The counter-terrorism relationship remains important. And we should be mindful that Israel and the US will remain close well after Donald Trump and Benjamin Netanyahu have left office. Albanese’s instincts to align with like-minded left-wing governments in Europe will not help our interests in Washington, which still is the decisive factor in our national security. These interests matter to Australia – and to Israel – more than simply the size of our trade relationship and they are invisible in the government’s current policy approach. Could Albanese and Netanyahu acknowledge these positive factors?

Albanese’s second claim about what Australians want “is for conflict to not be brought here”. Again, he is likely to be disappointed. ASIO boss Mike Burgess said last March “in terms of threats to life” anti-Semitism is the security body’s top priority.

The growth of the pro-Palestinian movement, spurred by the government’s willingness to tolerate weekly street marches in Sydney and Melbourne, continues to act as a focus for radicalisation.

While many people marched on Sydney Harbour Bridge for peaceful reasons, many hold views far from the mainstream, and the extremities of these groups pose a violent risk to Australian Jews and their supporters. The protesters are not going away. Their extreme fringe is emboldened after shifting government policy on Palestine. Violence in Australia in the form of attacks on Jews, or terrorism, is a heightened possibility.

These more radicalised views are given oxygen by ministers misrepresenting what Israel is doing in Gaza.

Home Affairs Minister Tony Burke’s comments on Wednesday are a case in point.

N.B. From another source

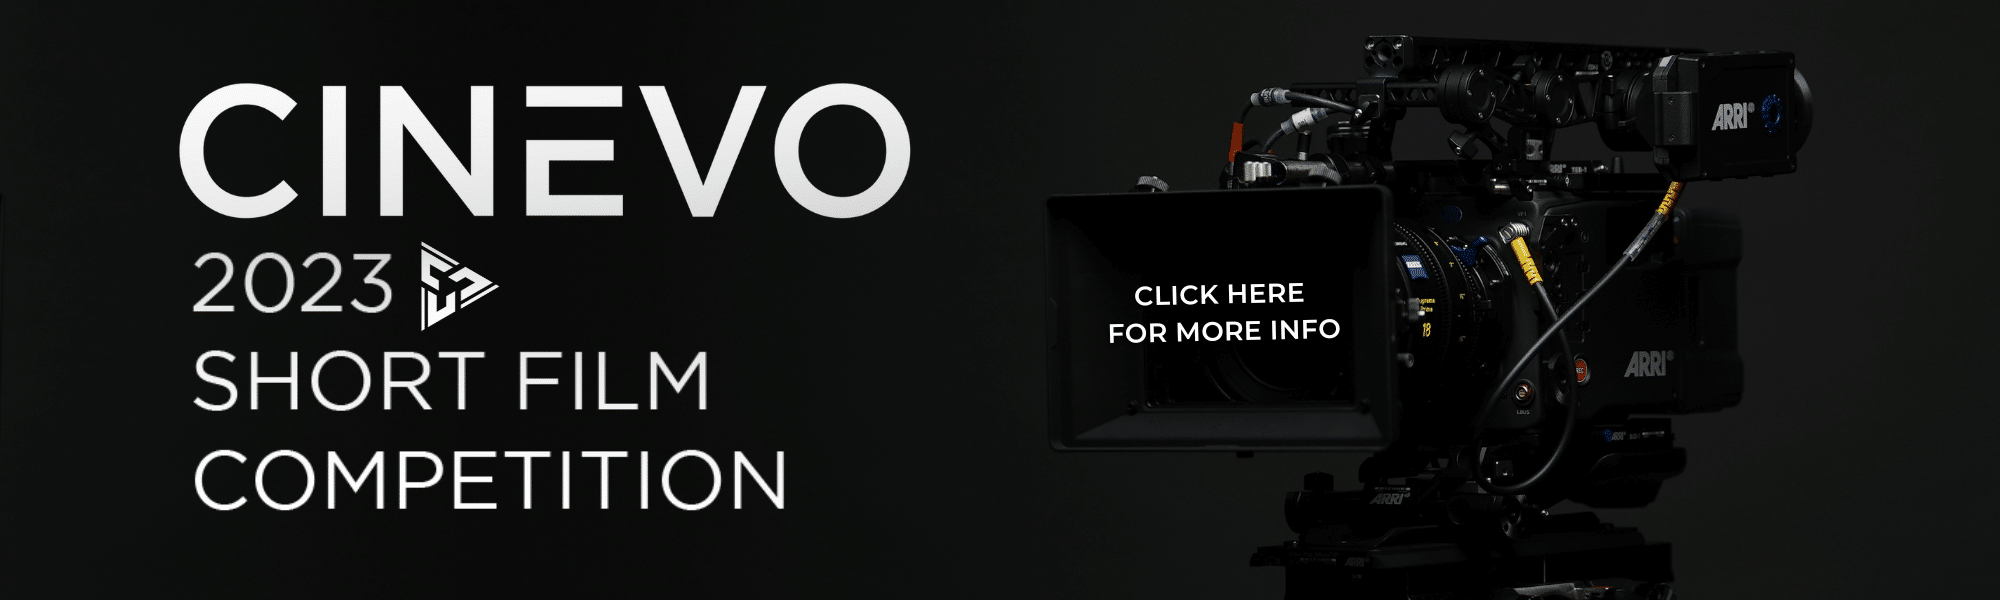 Cinevo - 2023 Short Film Competition - Camera Rental
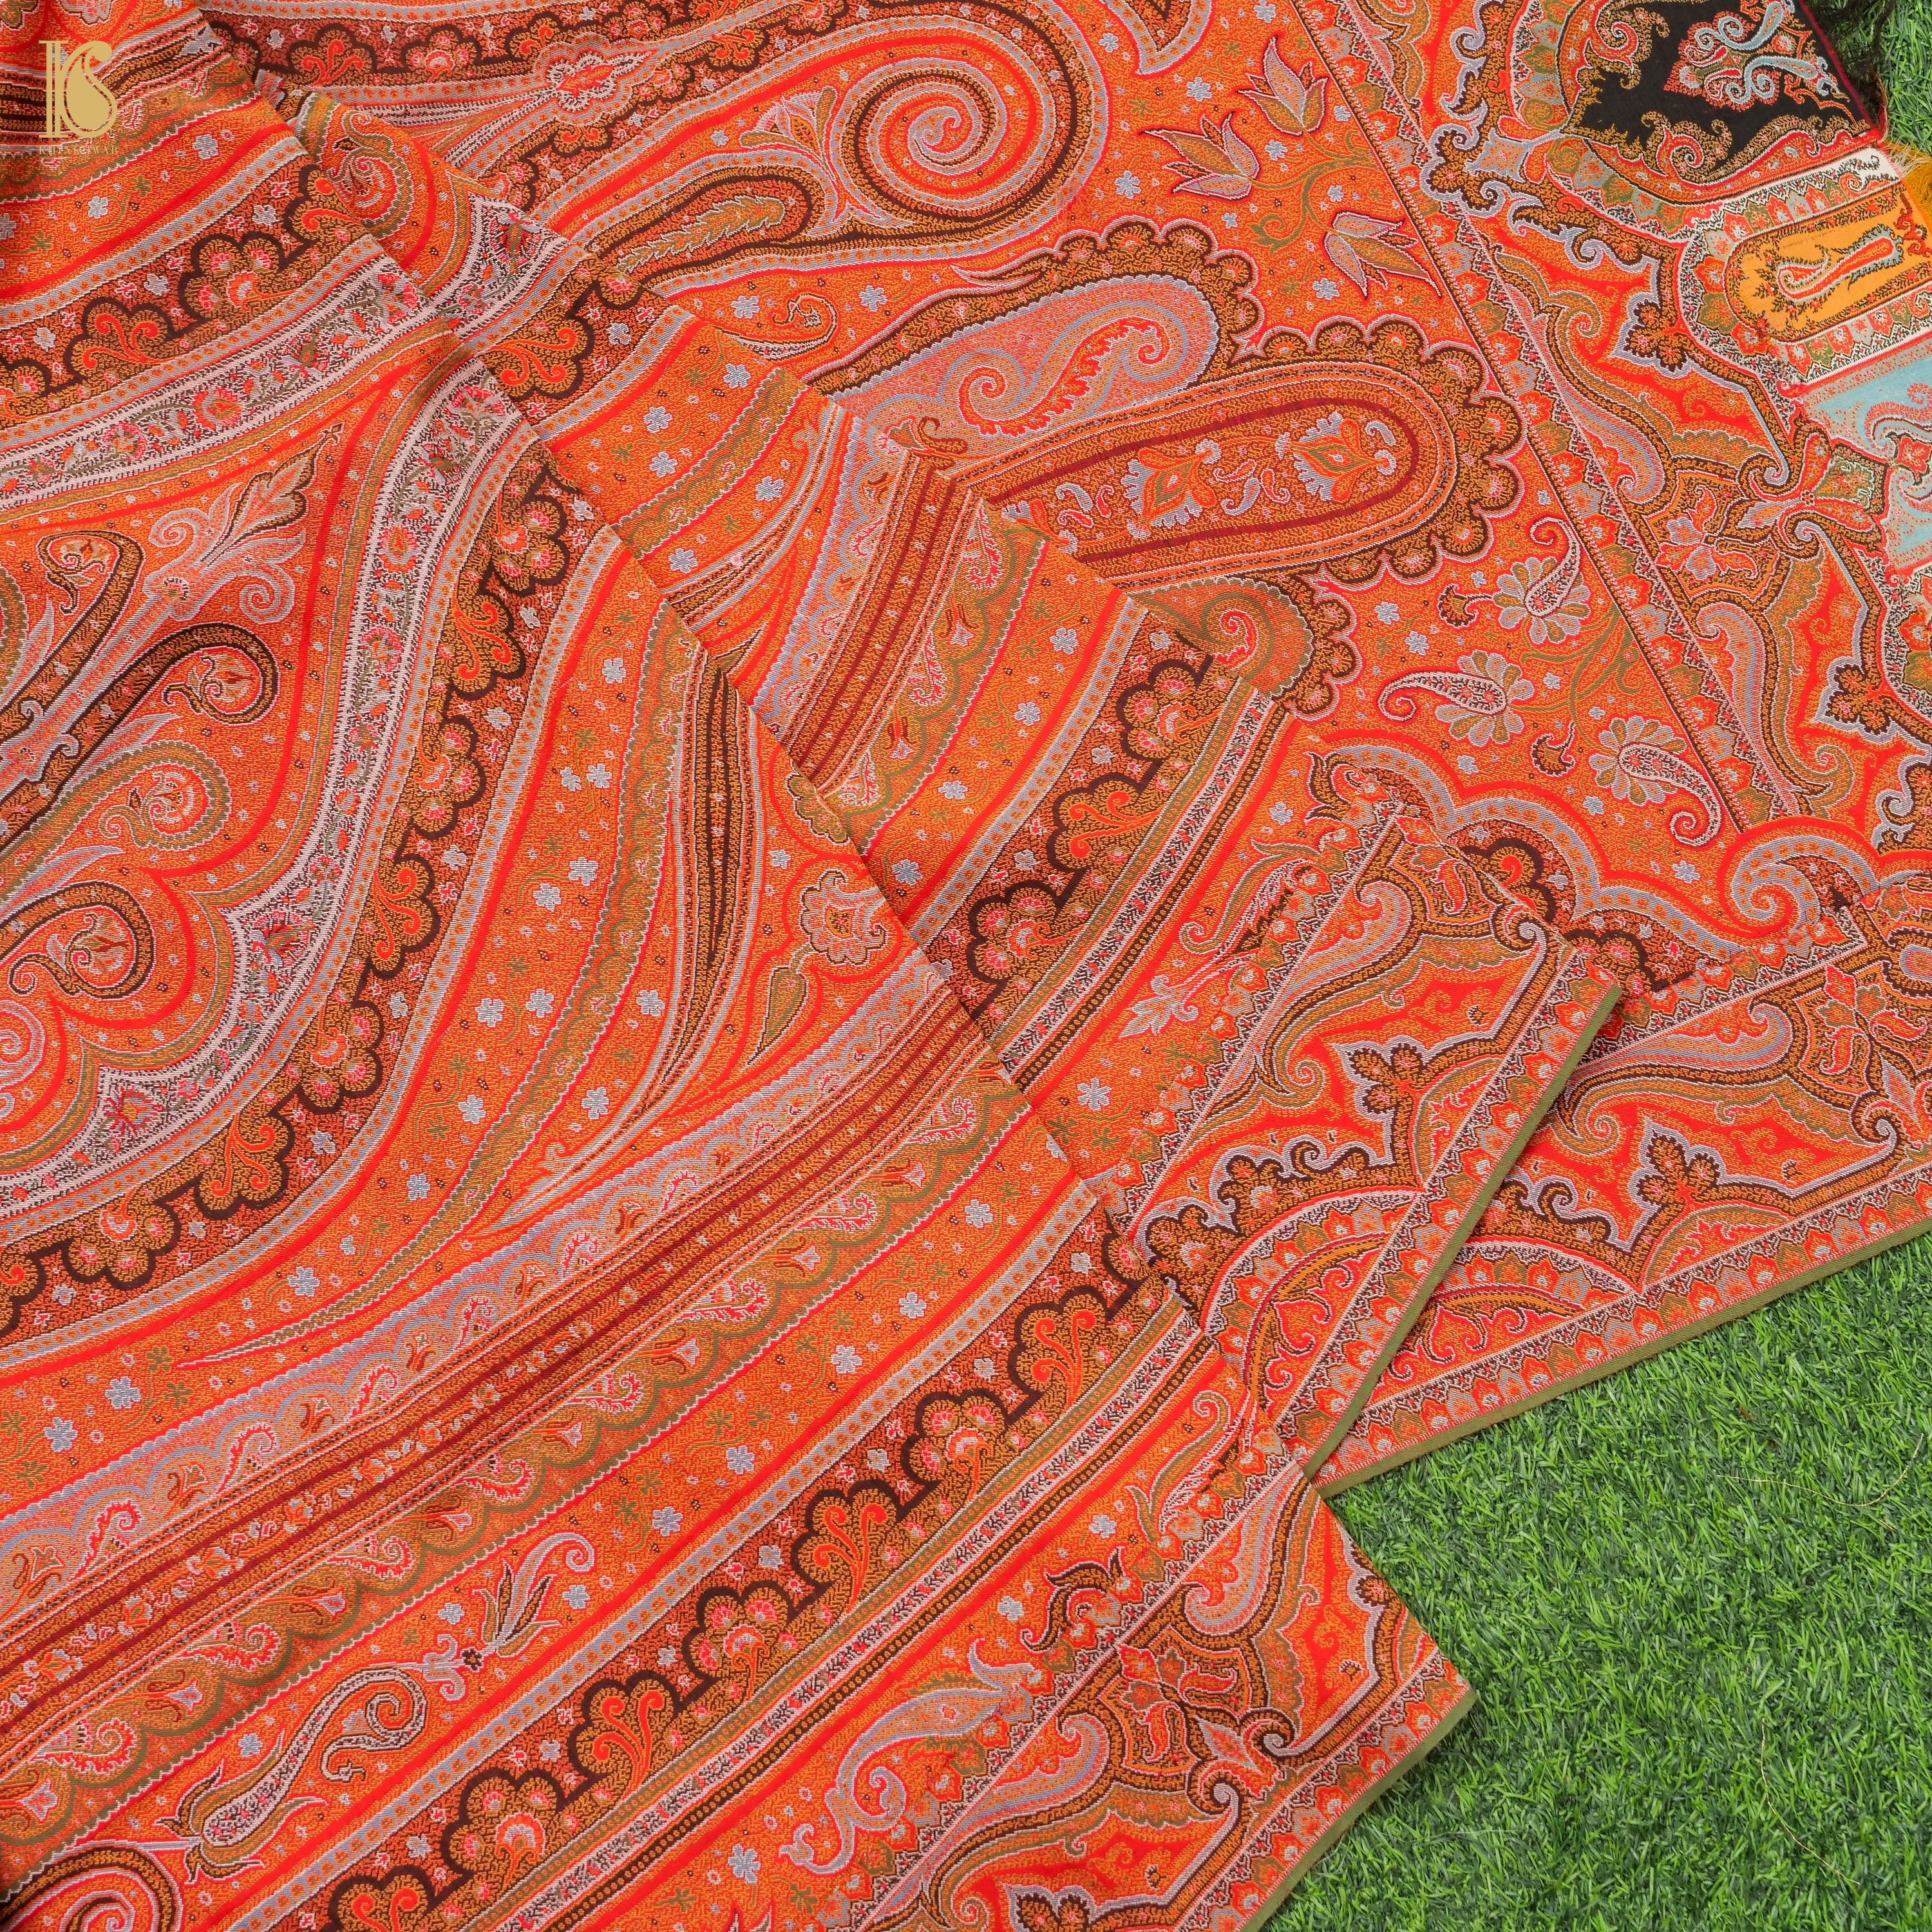 Red Pure Pashmina Handwoven Antique Kani Embriodery Kashmiri Shawl - Khinkhwab

Burke defended Albanese after public criticism from Netanyahu but did so by attacking the IDF: “Strength is not measured by how many people you can blow up or how many children you can leave hungry.” That is a gross misrepresentation of Israel’s military operations, drawing on months of highly inaccurate media reporting about the conflict.

Moreover, Burke’s comments are dangerous: taken literally, his mistaken characterisation of IDF behaviour may incline some activists in Australia to more violent retaliation. We should expect more from government ministers than parroting biased media stories.

Remember, in this conflict it is Hamas, not the IDF, that targets civilians. It is Hamas that controls aid delivery in Gaza and stages media photo opportunities of hungry Gazans to shift Western government policy. This is not to deny human suffering in the war – it is regrettably obvious. But calling only for an end to the war denies Israel’s need for Hamas to destroyed once and for all. No country could live under the risk of another 7 October 2023. Labor’s two-state policy actually makes that risk more likely.

The public fight between Albanese and Netanyahu threatens to put Australia-Israel relations into the deep-freeze for decades. Israeli ambassador to Australia Amir Maimon is surely right to say “we need to calm things down so the relations don’t continue to deteriorate”. There is nothing to suggest that Albanese will heed the message. The PM was asked this week: “How do you get the relationship with Israel back on track from here?” He had no answer. The best Albanese could offer was: “We’ll continue to put forward Australia’s position.”

What could our governments do to put some stability back in the bilateral relationship? First, Albanese should propose a truce with Netanyahu in their public disagreements. The leaders have much to disagree over, but neither will move the other’s thinking by offering sharp public comment.

I sympathise with much in Netanyahu’s leaked letter and his Thursday interview with Sharri Markson on Sky News, but that’s not the point. Political leaders must often swallow their annoyances and pursue broader national interests. In Israel’s case it should matter that a longstanding ally like Australia is tempering its support. Our international backing is worth having and worth some effort to sustain.

We know Albanese can go quiet on differences when he sees a broader policy need; note his steady refusal to criticise Xi Jinping. With Netanyahu the agreement should be to share their differences privately.

Both should say the bilateral relationship has a history, a current and future value worth saving, and they are committed to that task, even given their political differences.

Second, Albanese should send a senior trusted Labor figure to Israel to make the case that we still value the relationship and want to set a foundation for co-operation that will endure serious differ­ences over the current conflict. Make this a private visit away from the media and stress an intent on building, not belittling.

Third, the leaders should trade off some element of engagement in return for better understanding. For example, if Australia wants to reshape a new relationship with the PA, that can happen only if Israel allows physical access.

Perhaps we should ask for that in return for building a deeper, more respectful understanding of the IDF’s actually principled conduct of military operations under the international laws of armed conflict. We should, in other words, take the trouble to know what is happening before we chose to be so critical.

Fourth, the two prime ministers should do their best to corral their rhetoric and that of their political lieutenants, and agree also that democracies should generally issue visas even to political opponents. Why don’t our two governments plan on a reciprocal visit of mainstream parliamentary figures in the near future? Let’s get sensible politicians building some bridges and agreeing an agenda for future collaboration.

(Increasingly in Australia visas are being handled as a reward for backing the government. That should come as a serious danger sign.)

Point five, Albanese needs to offer a formal government response to the combating anti-Semitism plan produced by his envoy, Jillian Segal. He must seriously deal with this problem undermining the confidence of Australian Jews in their own country.

Finally, Albanese and Netanyahu should meet in New York. Neither will shift their fundamental positions on Gaza, but does that mean it is impossible for the two to find something creative to co-operate on? If Albanese cannot find a way to steady this friendship, he risks losing a partner of strategic, technological, regional and moral value, while Israel loses a long-term international ally. Both countries will be weaker for it.